# IAP Membership Card modifications



## Terredax (Mar 17, 2019)

Several people asked for a ball point pen to be incorporated into the design.
There were also some mention of the boarder being too thin, so I did two variations with the ball point added, and the boarder a little wider.


A...   










B...   





I'll let Mike decide on the duration of the poll.
I left voting visible, as Mike did in the first poll.


----------



## jxdubbs (Mar 17, 2019)

I like Both but if I had to choose one it would be A.

Sent from my SM-G975U using Tapatalk


----------



## gimpy (Mar 17, 2019)

They look the same to me


----------



## leehljp (Mar 17, 2019)

Congratulations on the winning design! The change represent both types well. 
And you are a great graphics artist!


----------



## jeff (Mar 17, 2019)

I was asked to set this poll to end in 5 days. 

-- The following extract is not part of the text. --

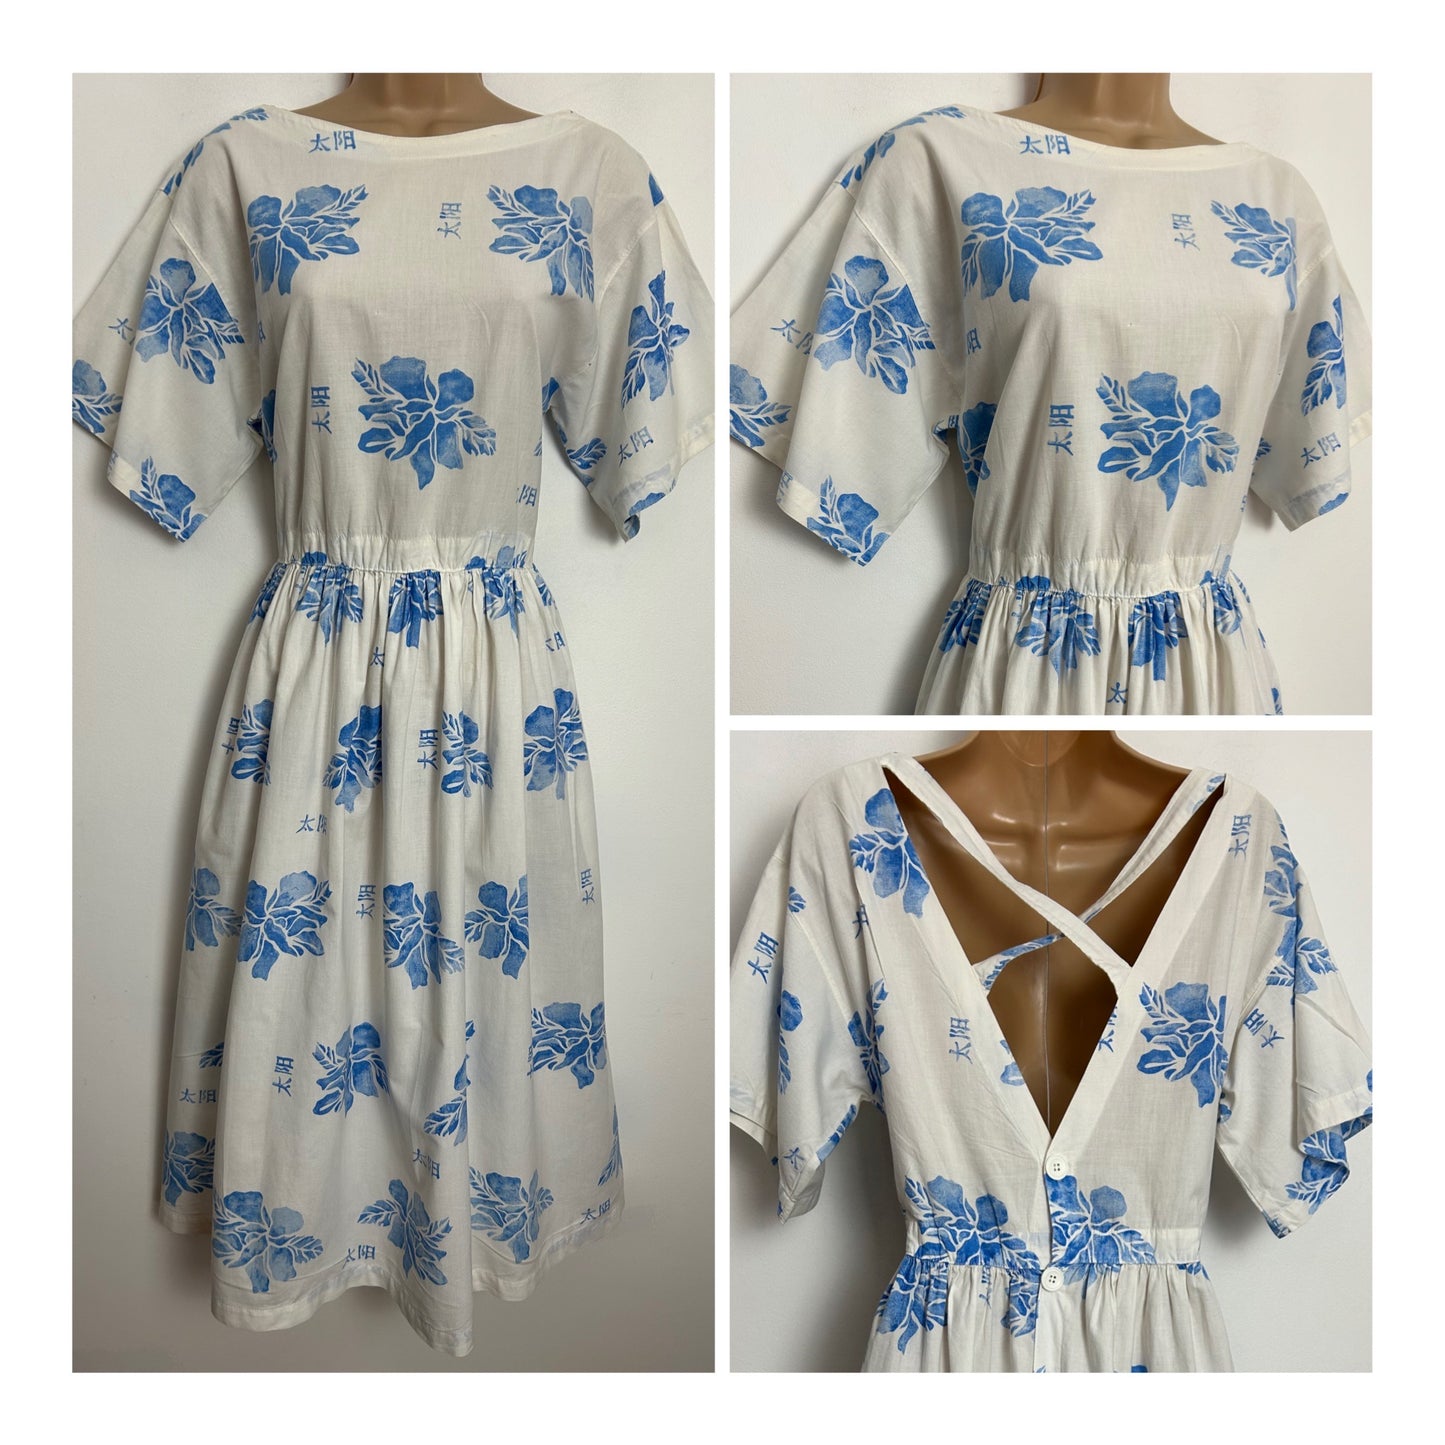 Vintage 1980s UK Size 10 White & Blue Floral & Japanese Letters Short Sleeve Criss Cross Back Summer Cotton Dress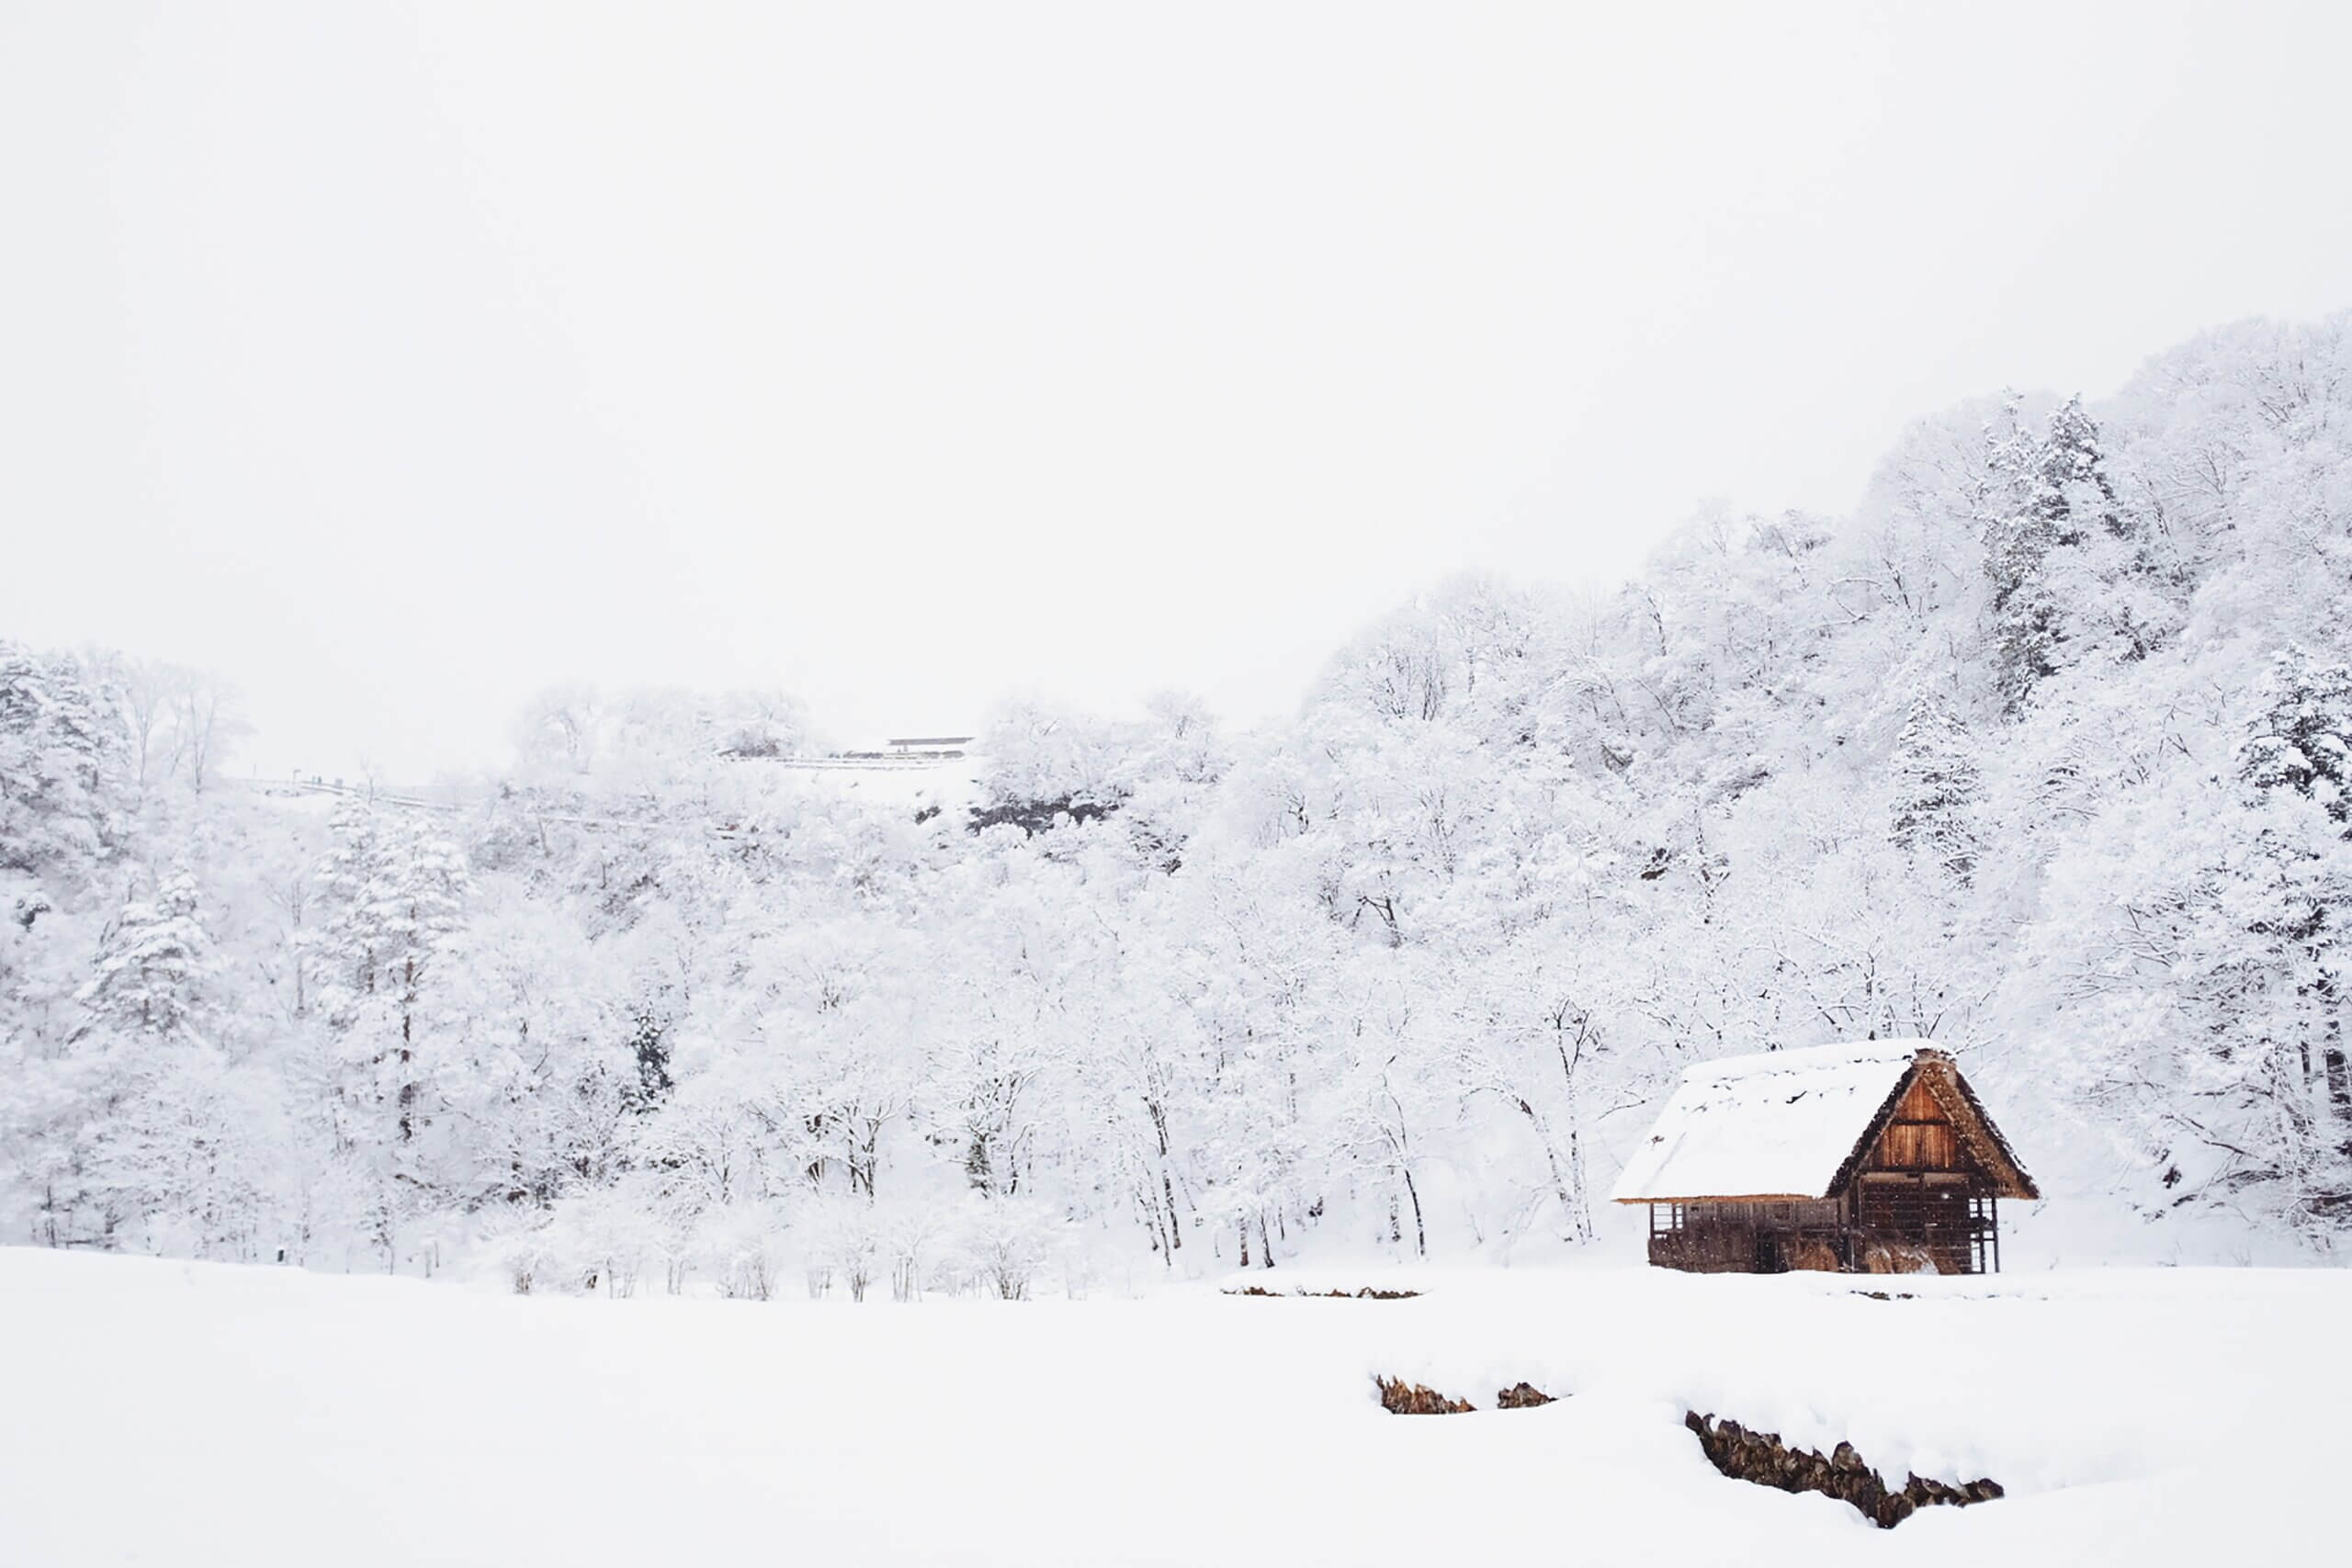 Small cabin in winter wonderland

This poll will close on 03-22-2019 at 05:35 PM ET


----------



## gimpy (Mar 17, 2019)

gimpy said:


> They look the same to me





What a goofball...I had to go back and then it hit me...


----------



## towerswoodcrafts (Mar 17, 2019)

I like A better 


Sent from my iPhone using Penturners.org mobile app


----------



## SnazzyPenz (Mar 18, 2019)

I personally like B


Sent from my iPhone using Penturners.org mobile app


----------



## FourKingsThingsLLC (Mar 18, 2019)

Same as gimpy above... I see no difference either. They look exactly the same to me. Perhaps a browser issue?


----------



## jdmacdo (Mar 18, 2019)

*Subtle difference*

Check the background/shadow.  That is where the difference is.


----------



## tjseagrove (Mar 18, 2019)

I like A, B looks to “busy”.


Sent from my iPhone using Penturners.org mobile app


----------



## Dsanek (Mar 18, 2019)

I vote for A


Sent from my iPad using Penturners.org mobile app


----------



## panchos61 (Mar 18, 2019)

Both but the second one is nicer


Sent from my iPhone using Penturners.org mobile app


----------



## mbroberg (Mar 20, 2019)

I'm beginning to see a trend here  :biggrin::tongue:


----------



## mbroberg (Mar 22, 2019)

Well, it was close (NOT!), but "A" is the winner. Next step is to find a source for the printed plastic cards. Thanks to all who submitted designs and to those who took the time to vote. We are inching closer to making this a reality.


----------